- Task material
Start of Block
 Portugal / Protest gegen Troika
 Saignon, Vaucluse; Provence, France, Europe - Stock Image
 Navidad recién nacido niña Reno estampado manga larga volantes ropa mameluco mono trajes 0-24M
End of Block
Start of Block
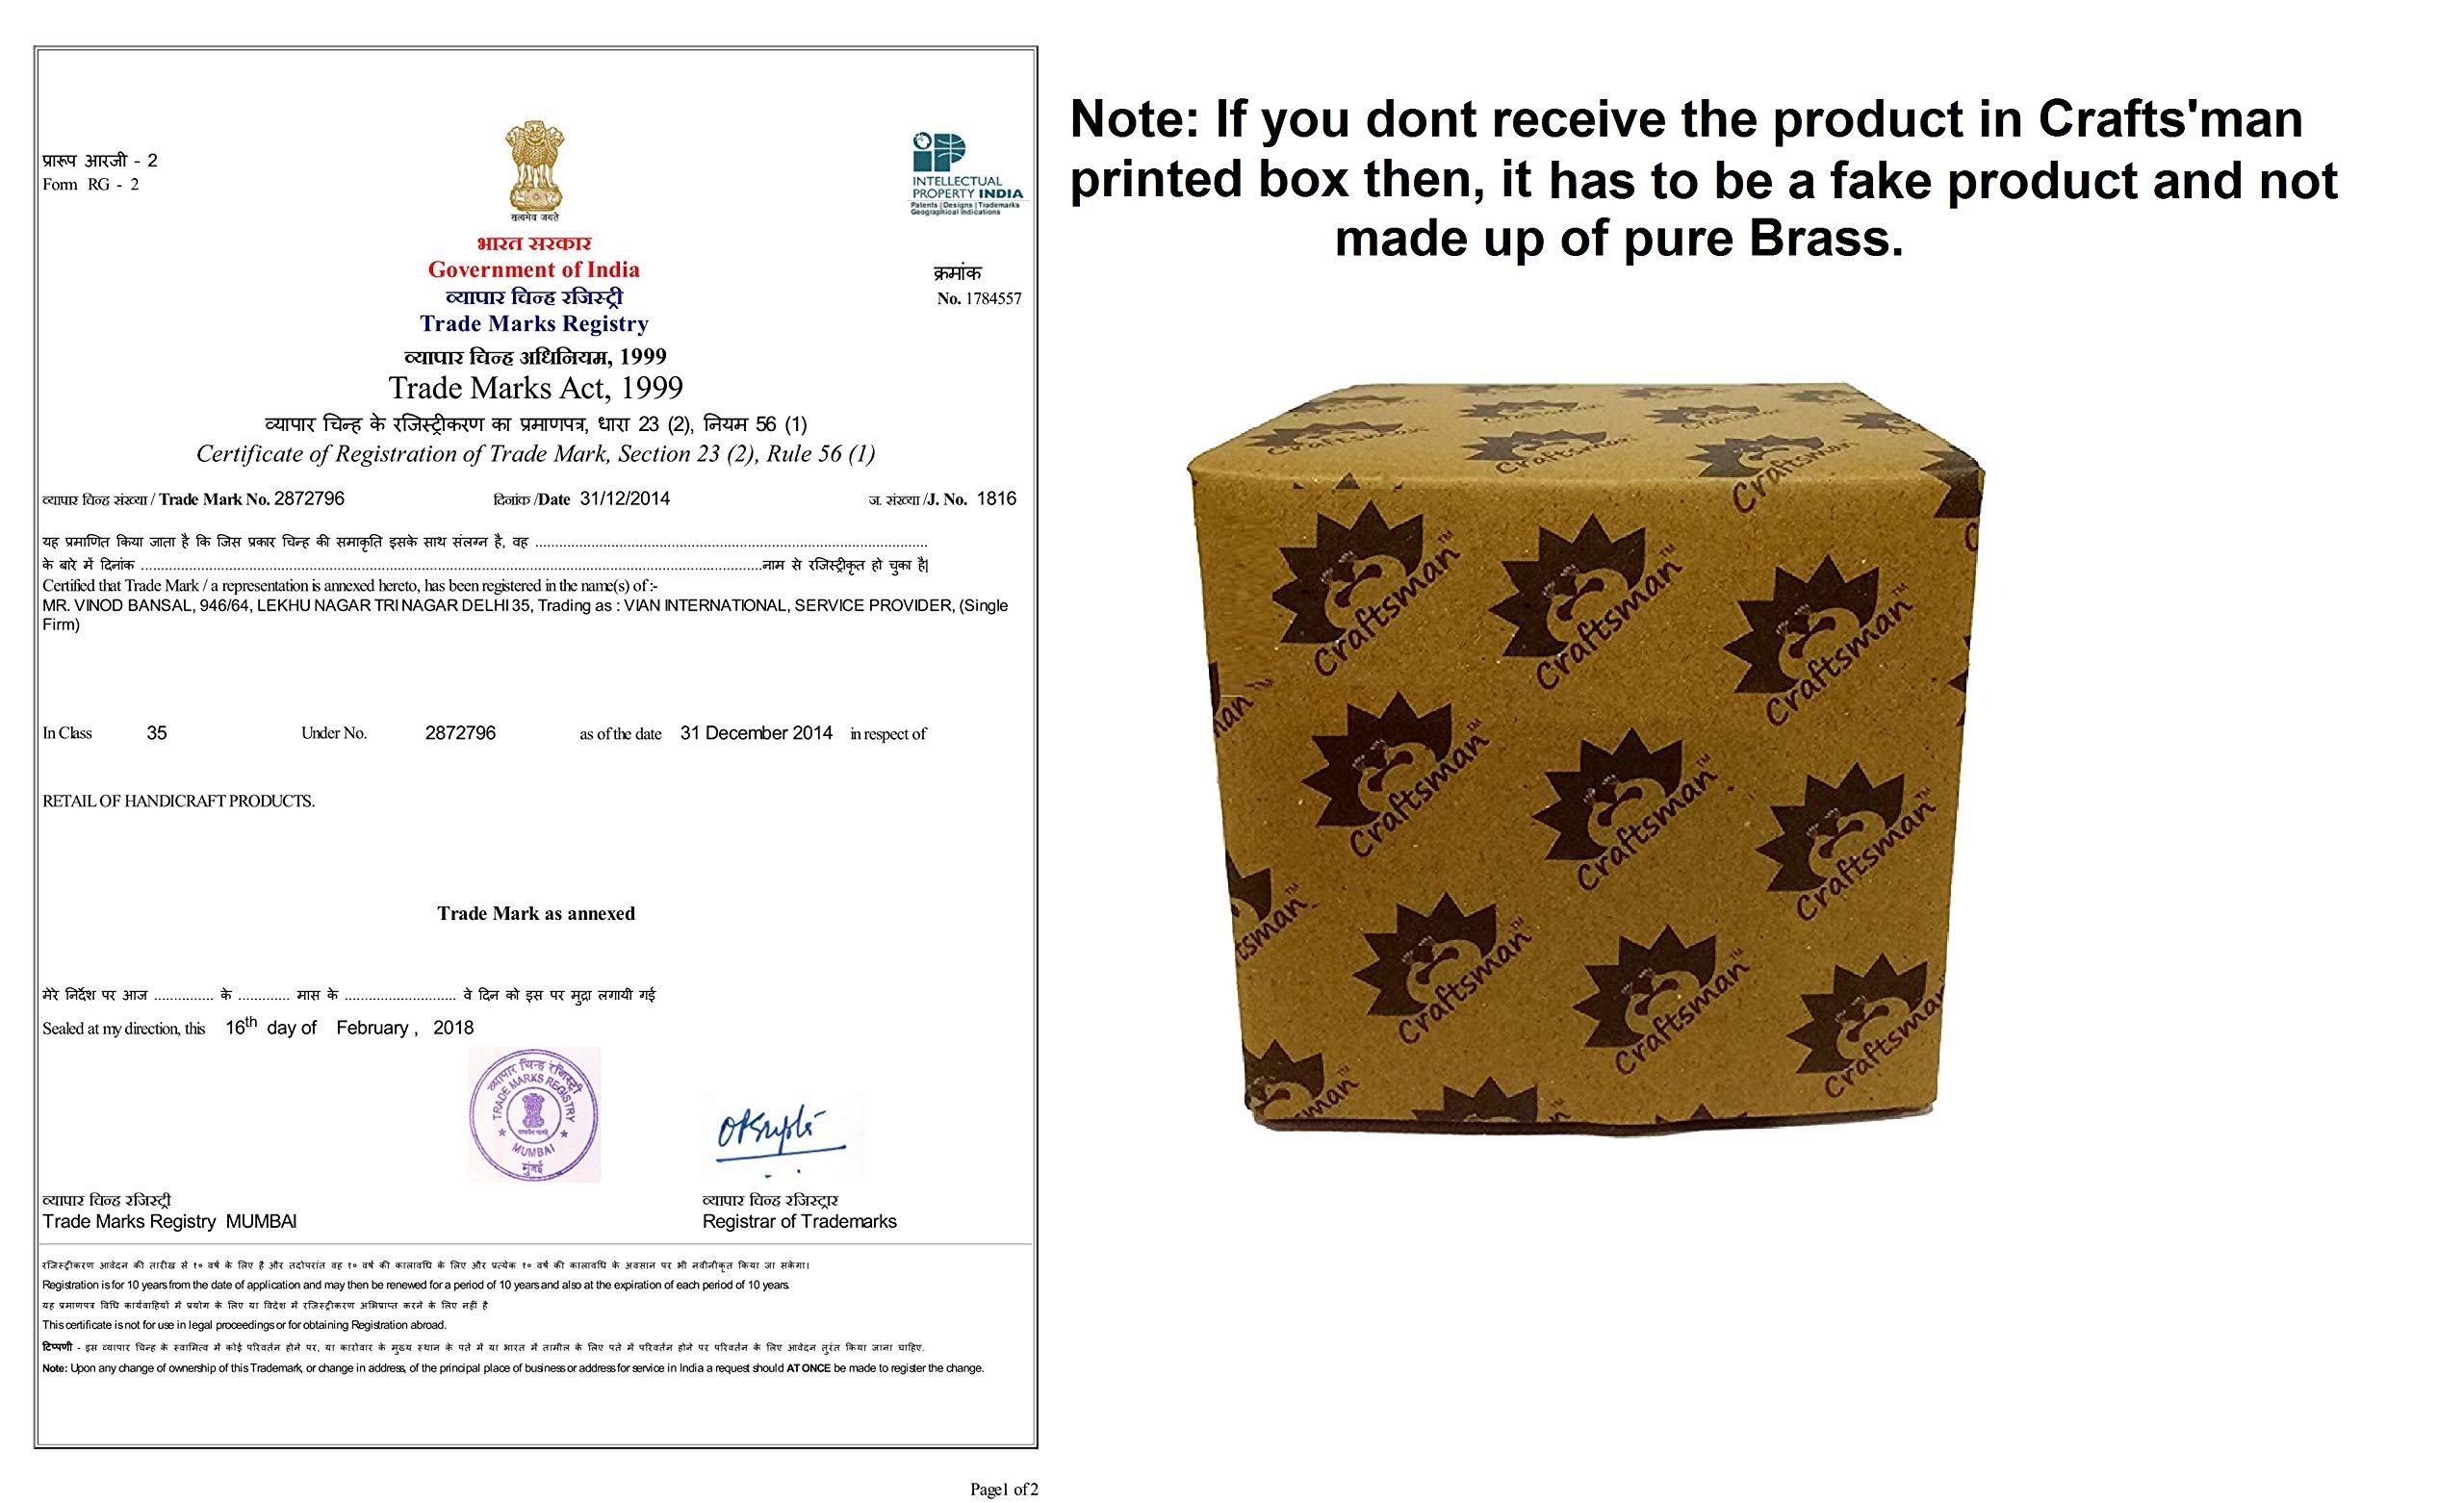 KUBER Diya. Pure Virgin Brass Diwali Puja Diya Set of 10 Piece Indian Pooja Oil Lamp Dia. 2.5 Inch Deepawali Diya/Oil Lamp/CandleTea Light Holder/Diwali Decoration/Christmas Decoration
End of Block
- Prompt
Repeat exactly the lines of the listing above, from the one with "Saignon, Vaucluse; Provence, France, Europe" down to the one with "Navidad recién nacido"; both of those lines belong in the range.

- Written answer
 Saignon, Vaucluse; Provence, France, Europe - Stock Image
 Navidad recién nacido niña Reno estampado manga larga volantes ropa mameluco mono trajes 0-24M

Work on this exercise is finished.